A Mixed-Integer program approach to infer indel history for protein families in phylogenetic tree. We also introduce the use of partial order graph to capture multi site dependency in molecular sequences. The resulting indel patterns can be used for Ancestral sequence reconstuction (ASR).
Inputs to the method ::
- MSA (fasta format)
- Phylogenetic tree (newick format)
To run the Mixed-Integer Program for indel inference for a given extant alignment file and internal branchpoint annotated phylogenetic tree
python run_mipindel.py -a <alignment file> -n <phylogenetic tree> -o <folder_location> -p <alpha>
arguments:
-a fasta format alignment file
-n ancestors annotated phylogenetic tree in newick format
-o folder location where the output files will be stored
-p alpha hyperparameter value. e.g. 2
example:
python run_mipindel.py -a ../examples/data/extants.aln -n ../examples/data/org_tree_annonated.nwk -o ../examples/data/ -p 2
To evaluate MIP Indel solution
python metrics_mip.py -f <folder_location> -a <alignment file> -n <phylogenetic tree>
arguments:
-f folder location where all the files for protein family are stored
-a fasta format alignment file
-n ancestors annotated phylogenetic tree in newick format
example:
python metrics_mip.py -f ../examples/data/ -a ../examples/data/extants.aln -n ../examples/data/org_tree_annonated.nwk
To run indel inference and evulation metrics on all indel methods for a protein family
python run_all_indel_methods.py -a <alignment file> -n <phylogenetic tree> -o <folder_location> -b <y/n> -m <y/n> -p <y/n> -s <y/n>
arguments:
-a fasta format alignment file
-n ancestors annotated phylogenetic tree in newick format
-o folder location where the output files will be stored
-b run BEP indel inference method
-m run MIP indel inference method
-p run PSP indel inference method
-s run SICP indel inference method
example:
python run_all_indel_methods.py -a ../examples/data/extants.aln -n ../examples/data/org_tree_annonated.nwk -o ../examples/data/ -b y -m y -s y -p y
To generate synthetic indels using Travis Travis is part of GRASP suite [1].

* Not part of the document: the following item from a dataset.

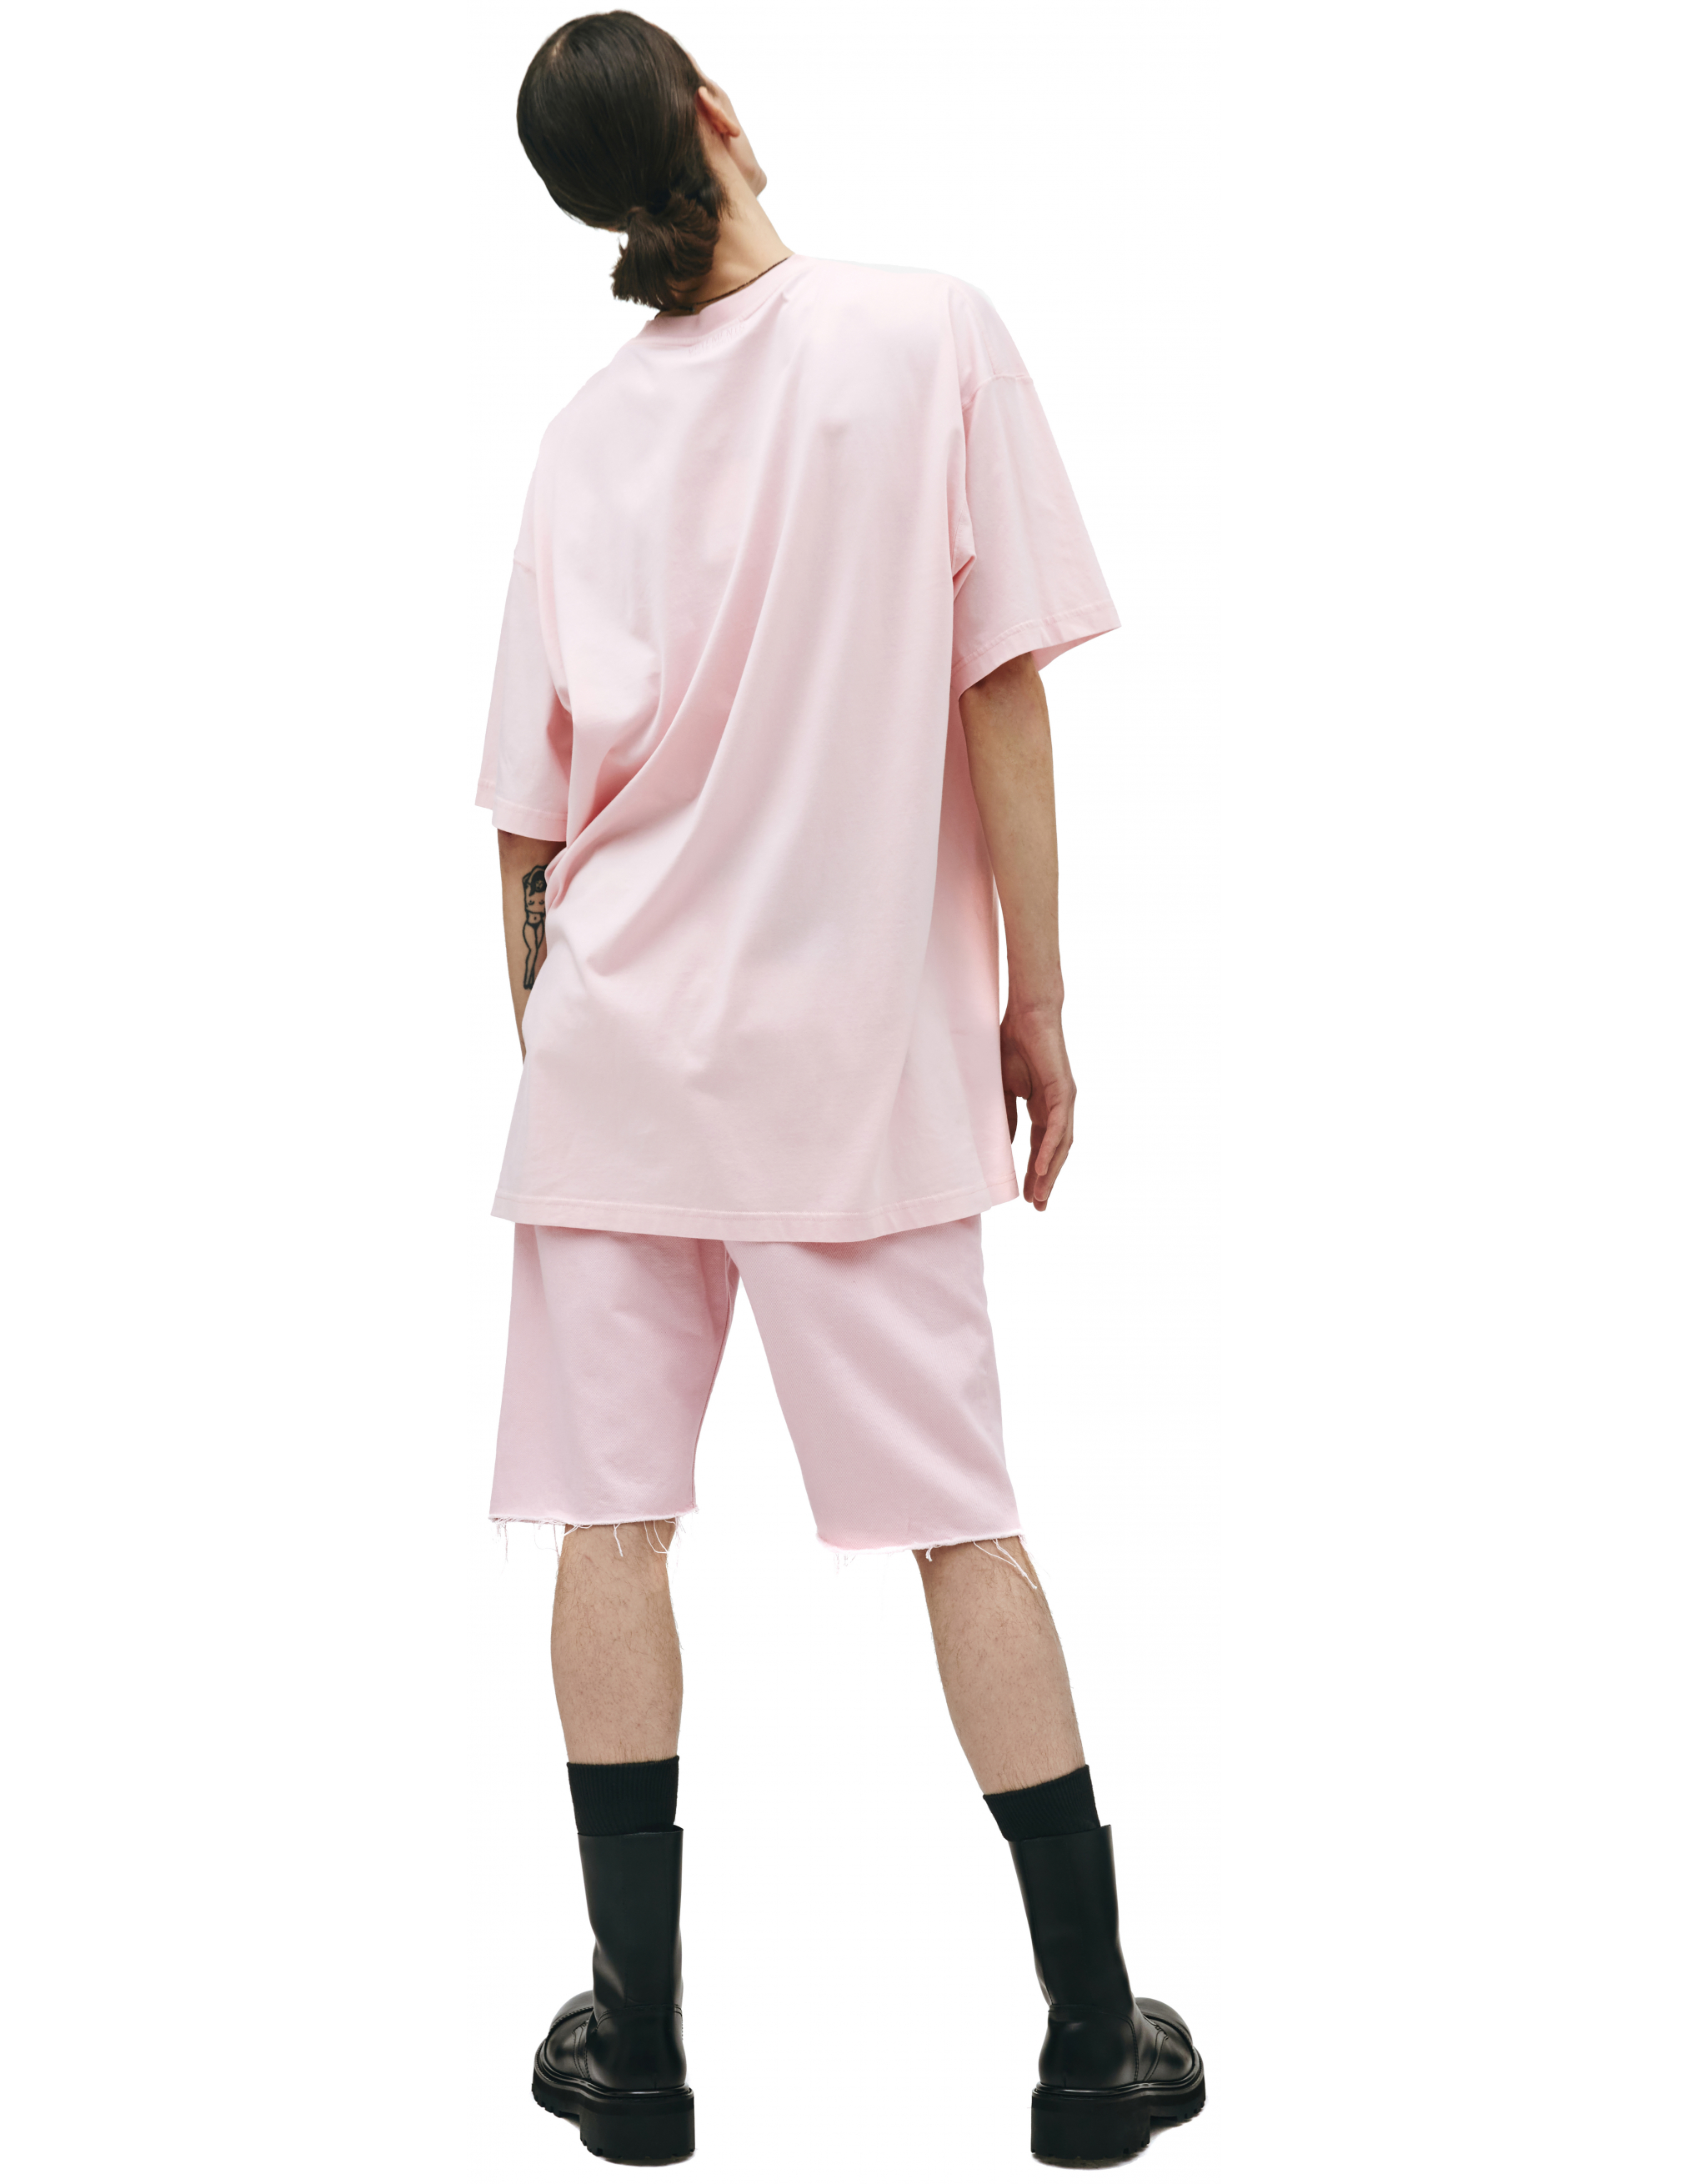 Джинсовые шорты розового цвета - Vetements ME51PA120P/2803 Фото 2

python generate_syn_indels.py <folder_location>
example:
python generate_syn_indels.py /data/synthetic_data/
To generate synthetic data with Travis using different settings
# TRAVIS COMMAND LINES
Usage: asr.TrAVIS
[<ancestor-seq>]
[-nwk <tree-file> -out <output-file-or-dir>]
{-model <JTT(default)|Dayhoff|LG|WAG|JC|Yang>}
{-rates <a>}
{-seed <random>}
{-extants <5(default)>}
{-dist <mean-extant-to-root>
{-shape <1.1(default)>}
{-scale <0.2(default)>}
{-indel <param>}
{-gap}
{-format <FASTA(default)|CLUSTAL|DOT|TREE|RATES|DIR>}
# create toy trees using travis
travis AAAAAAAA -out all_sequences.aln -nwk input_tree.nwk -model LG -gap -format FASTA -seed 200 -extants 10 -dist 0.1
To run MIP Indel inferece to find multiple optimal solutions (example 2 optimal solutions here)
python eval_mip_altopt.py -a <alignment file> -n <phylogenetic tree> -o <folder_location>
arguments:
-a fasta format alignment file
-n ancestors annotated phylogenetic tree in newick format
-o folder location where the output files will be stored
example:
python eval_mip_altopt.py -o ../examples/data/ -n ../examples/data/org_tree_annonated.nwk -a ../examples/data/extants.aln
[1] Foley et. al. (2022). Engineering indel and substitution variants of diverse and ancient enzymes using Graphical Representation of Ancestral Sequence Predictions. 10.1371/journal.pcbi.1010633.